By analyzing existing cross correlation between Excelsior Medical Co and C Media Electronics, you can compare the effects of market volatilities on Excelsior Medical and C Media and check how they will diversify away market risk if combined in the same portfolio for a given time horizon. You can also utilize pair trading strategies of matching a long position in Excelsior Medical with a short position of C Media. Check out your portfolio center. Please also check ongoing floating volatility patterns of Excelsior Medical and C Media.

Diversification Opportunities for Excelsior Medical and C Media

-0.36
  Correlation Coefficient

Very good diversification

The 3 months correlation between Excelsior and 6237 is -0.36. Overlapping area represents the amount of risk that can be diversified away by holding Excelsior Medical Co and C Media Electronics in the same portfolio, assuming nothing else is changed. The correlation between historical prices or returns on C Media Electronics and Excelsior Medical is a relative statistical measure of the degree to which these equity instruments tend to move together. The correlation coefficient measures the extent to which returns on Excelsior Medical Co are associated (or correlated) with C Media. Values of the correlation coefficient range from -1 to +1, where. The correlation of zero (0) is possible when the price movement of C Media Electronics has no effect on the direction of Excelsior Medical i.e., Excelsior Medical and C Media go up and down completely randomly.

Pair Corralation between Excelsior Medical and C Media

Assuming the 90 days trading horizon Excelsior Medical is expected to generate 37.69 times less return on investment than C Media. But when comparing it to its historical volatility, Excelsior Medical Co is 12.03 times less risky than C Media. It trades about 0.06 of its potential returns per unit of risk. C Media Electronics is currently generating about 0.2 of returns per unit of risk over similar time horizon. If you would invest  4,990  in C Media Electronics on November 4, 2024 and sell it today you would earn a total of  640.00  from holding C Media Electronics or generate 12.83% return on investment over 90 days.
Time Period3 Months [change]
DirectionMoves Against 
StrengthInsignificant
Accuracy100.0%
ValuesDaily Returns

Excelsior Medical Co  vs.  C Media Electronics

 Performance 
       Timeline  
Excelsior Medical 

Risk-Adjusted Performance

0 of 100

 
Weak
 
Strong
Very Weak
Over the last 90 days Excelsior Medical Co has generated negative risk-adjusted returns adding no value to investors with long positions.
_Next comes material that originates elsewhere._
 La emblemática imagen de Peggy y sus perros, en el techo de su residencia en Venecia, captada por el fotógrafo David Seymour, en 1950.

In spite of fairly stable basic indicators, Excelsior Medical is not utilizing all of its potentials. The latest stock price fuss, may contribute to near-short-term losses for the sophisticated investors.
C Media Electronics 

Risk-Adjusted Performance

0 of 100

 
Weak
 
Strong
OK
Over the last 90 days C Media Electronics has generated negative risk-adjusted returns adding no value to investors with long positions. In spite of fairly abnormal basic indicators, C Media showed solid returns over the last few months and may actually be approaching a breakup point.
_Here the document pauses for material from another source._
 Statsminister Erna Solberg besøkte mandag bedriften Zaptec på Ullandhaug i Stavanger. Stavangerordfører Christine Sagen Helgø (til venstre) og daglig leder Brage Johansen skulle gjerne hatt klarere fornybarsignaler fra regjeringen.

Excelsior Medical and C Media Volatility Contrast

   Predicted Return Density   
       Returns  

Pair Trading with Excelsior Medical and C Media

The main advantage of trading using opposite Excelsior Medical and C Media positions is that it hedges away some unsystematic risk. Because of two separate transactions, even if Excelsior Medical position performs unexpectedly, C Media can make up some of the losses. Pair trading also minimizes risk from directional movements in the market. For example, if an entire industry or sector drops because of unexpected headlines, the short position in C Media will offset losses from the drop in C Media's long position.
The idea behind Excelsior Medical Co and C Media Electronics pairs trading is to make the combined position market-neutral, meaning the overall market's direction will not affect its win or loss (or potential downside or upside). This can be achieved by designing a pairs trade with two highly correlated stocks or equities that operate in a similar space or sector, making it possible to obtain profits through simple and relatively low-risk investment.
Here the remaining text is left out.